Башня и погреб – один броневой монолит, от верхней палубы до днища. В момент взрыва в нем находилось тридцать моряков и три офицера. Среди них один внештатный: капитан 2 ранга Ермишев. Погибли все. Тридцать три.

Клапана затопления можно открыть двояко: либо с помощью дистанционного управления, либо прямо в погребе… Ходили слухи, что клапана были открыты вручную кем-то из моряков, чтобы спасти крейсер.

Так это было или не так, утверждать не берусь, я ведь говорю: ходили слухи…

* * *

Подходили к Владивостоку, когда нас пригласили к адмиралу. Он был выбрит до синевы, отутюжен.

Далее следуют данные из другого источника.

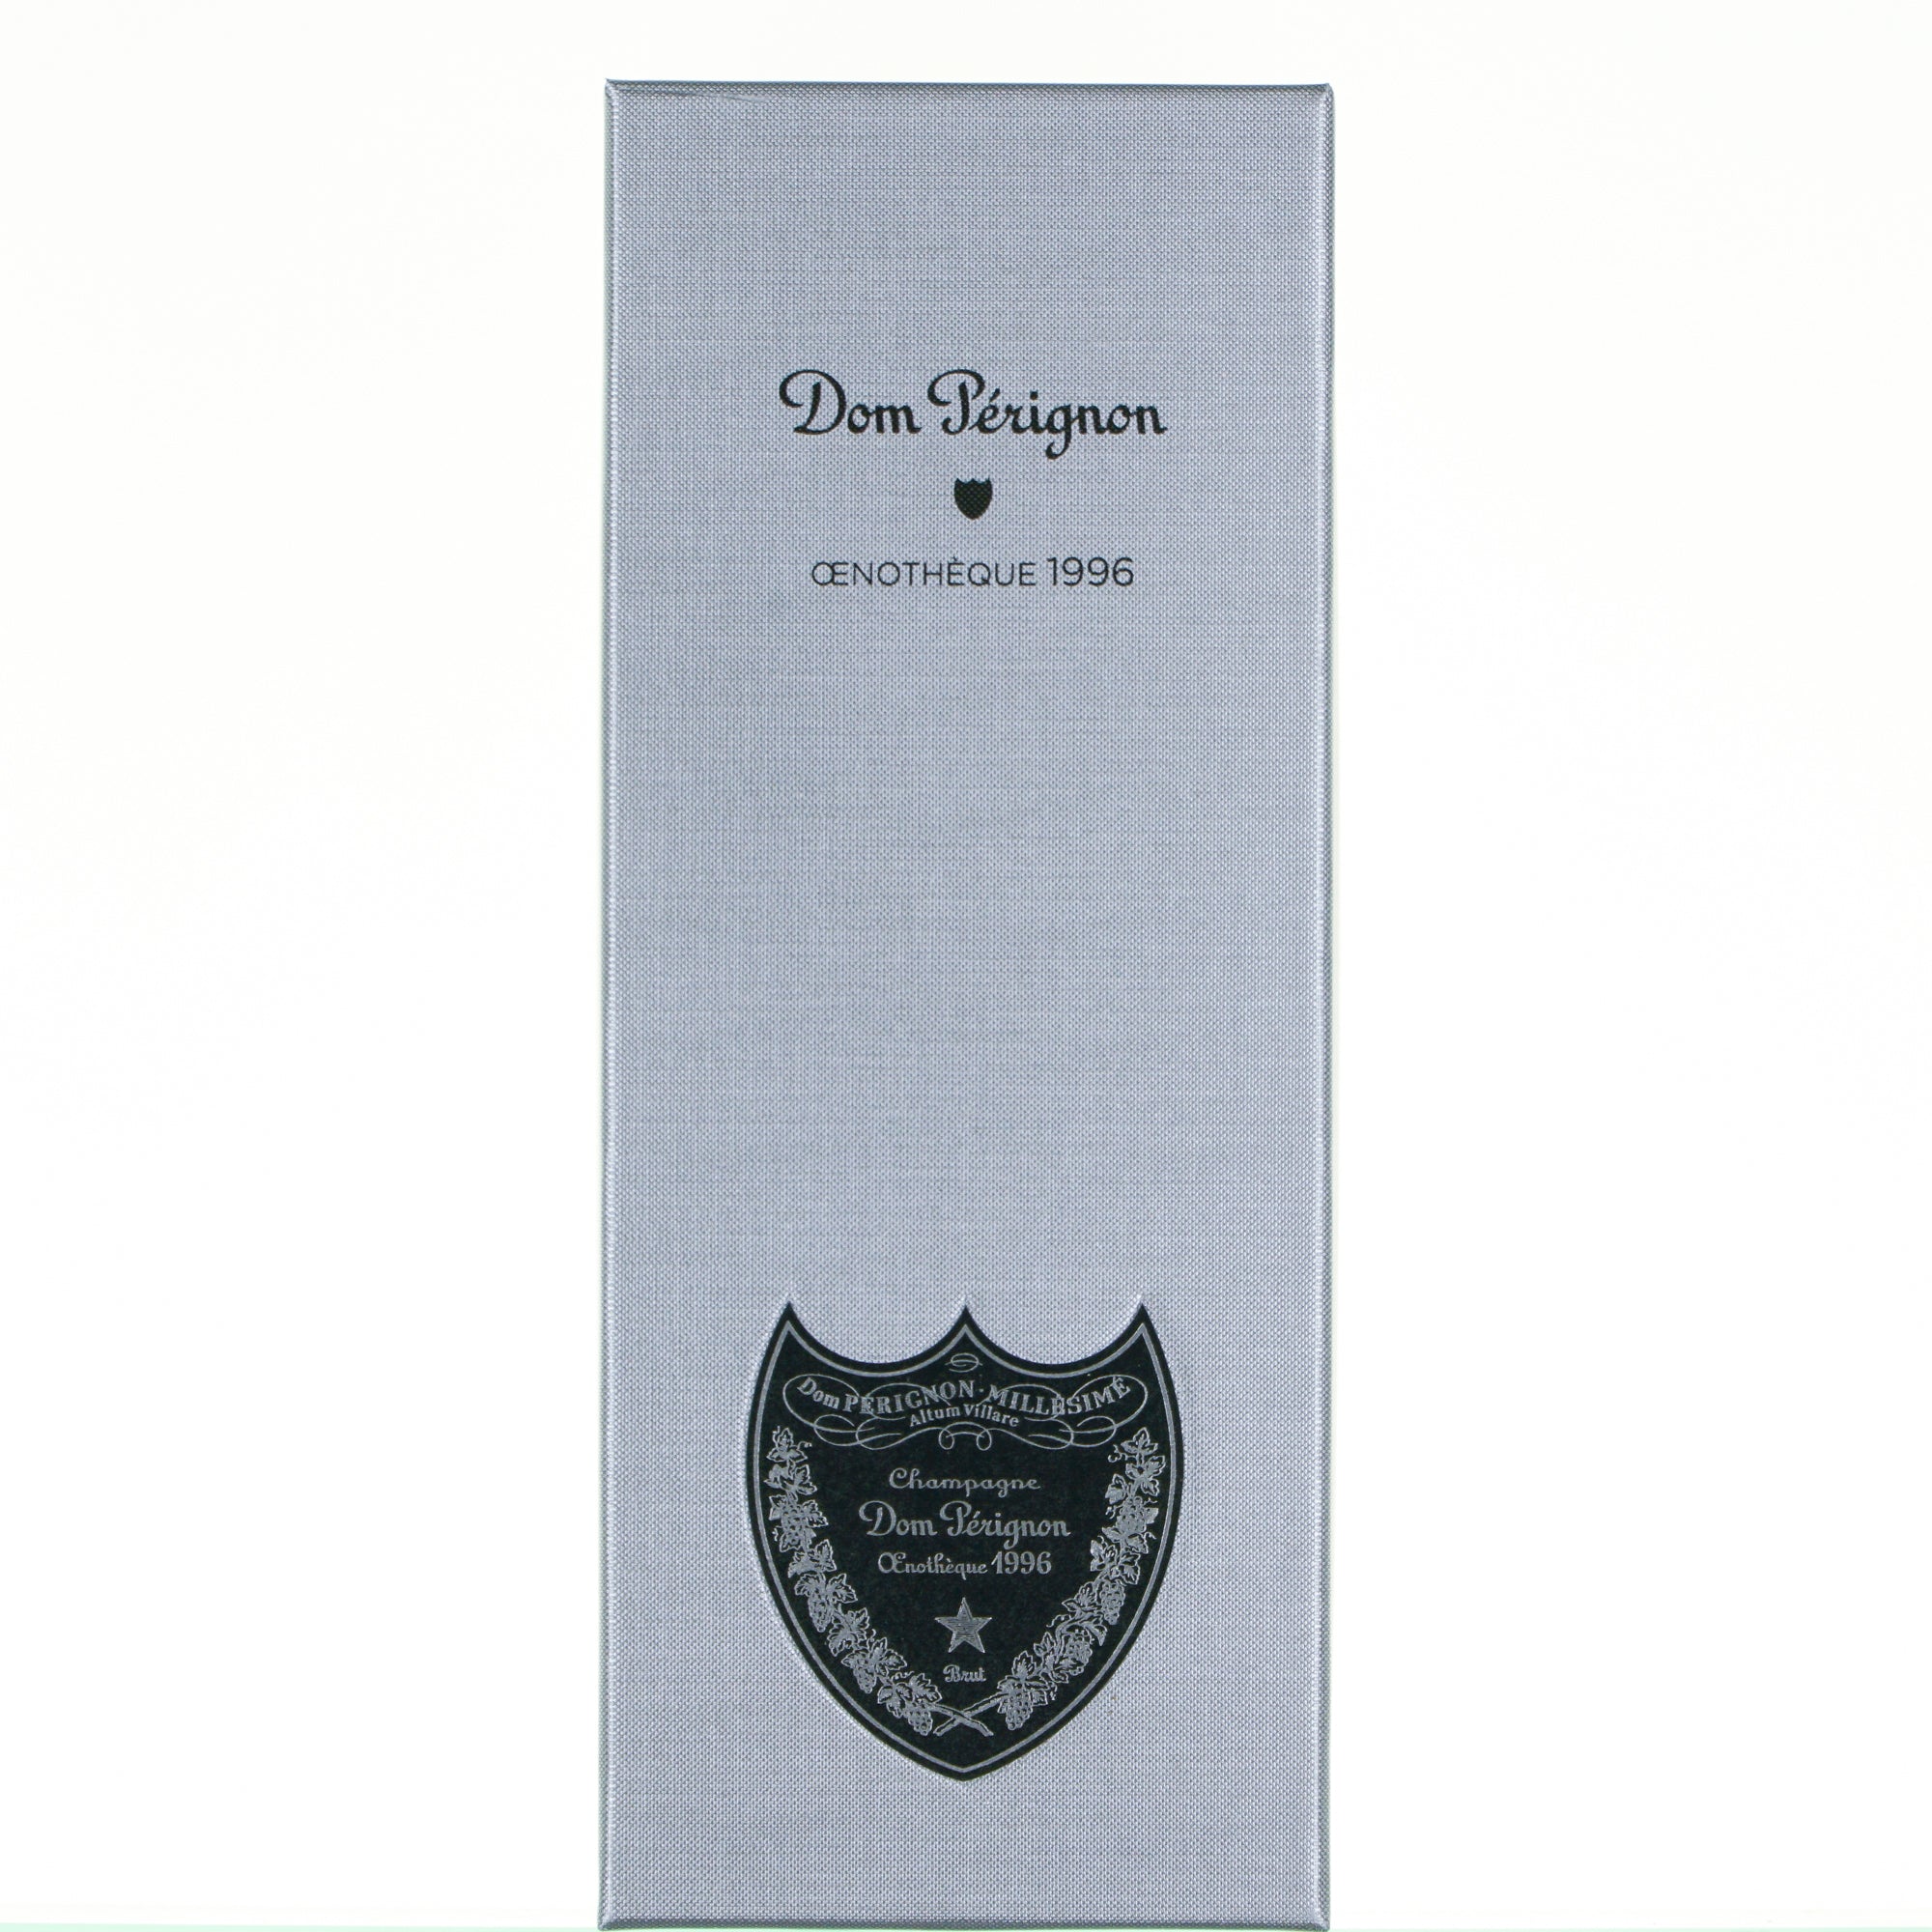 Champagne Dom Perignon 1996 Enotheque Moet&Chandon lt.0,750

Ровным голосом, тщательно отмеривая фразы, сказал, что мы стали невольными свидетелями несчастья, предстоит разбирательство, причины, несомненно, будут установлены, а пока есть просьба командования: об увиденном никому не рассказывать.

Я смотрел на него и восхищался. Я-то ведь отчетливо представлял, что его ждет, когда первый штабной катер ткнется носом о борт «Бутакова». Отстранение от командования – это, пожалуй, самое малое…

Тот же белый кораблик, что доставил нас на крейсер (вечность тому назад! А ведь суток не прошло…), покачивался у трапа. Потянулись цепочкой телевизионщики с аппаратурой, артисты ансамбля (похоже, они так и не расчехлили инструменты), Фарух Алиевич, Таня, Соболевский, Коля Петров, Левин, я.

И все время, пока катер бежал до гавани, мы старались держаться вместе. Молчали, касаясь локтем друг друга. И почти физически ощущали отсутствие немногословного очкарика – кавторанга. Поэта Кости Ермишева.

В гавани, понятно, никто не встречал. Не до нас было. Вышли в город, поймали такси.

Когда подъезжали к гостинице, водитель, ражий детина, повернулся, сказал:

– А слышали, на «Бутакове» вчера взрыв был? Черт-те знает сколько народу погибло!

Мы не слышали.

* * *

…Я еще раз перечел письмо. И убедился: ничего толкового придумать не могу. Проще всего было бы, конечно, сделать вид, что ничего не произошло. Пусть себе неведомая мне женщина тешится мыслью, что о ее погибшем сыне до сих пор помнит любимая им когда-то женщина. И не только помнит – стихи пишет.

Но ведь не было ничего такого. Не бы-ло!

Все знакомство Милосердовой с Костей уложилось в трехминутный разговор в кают-компании «Бутакова». Еще сфотографировались потом. Все.

Первое время мы еще собирались: то у Танечки, то у меня, поминали погибших, – а потом все как-то отодвинулось, закрылось сеткой, сплетенной из бессчетного числа дел…

Да и, наверное, счастье это: забывать. Но есть и другая сторона у этой истории: Мать. Имею ли я право писать ей заведомую неправду? Или ложь во спасение простительна?

А вдруг судьба сведет их вместе: мать и Милосердову, – и мать узнает, что я утаил от нее?

Господи, да что же я голову ломаю? Ведь существует сама Татьяна Милосердова, пусть она и решает, что делать. И я решительно крутанул телефонный диск.

Таня оказалась дома. Ни в Париже, ни в Мадриде. И даже не в Переделкине. И похоже, обрадовалась моему звонку. Но когда я прочел ей письмо, наступила пауза. Сколько она продолжалась? Минуту? Две? Три?

И вдруг я услышал:

– А что ты делаешь в апреле?

– Как обычно. Семья, работа…

– Я не об этом. Ты куда-нибудь едешь?

– Да нет, вроде никуда не собираюсь. А зачем ты это спрашиваешь?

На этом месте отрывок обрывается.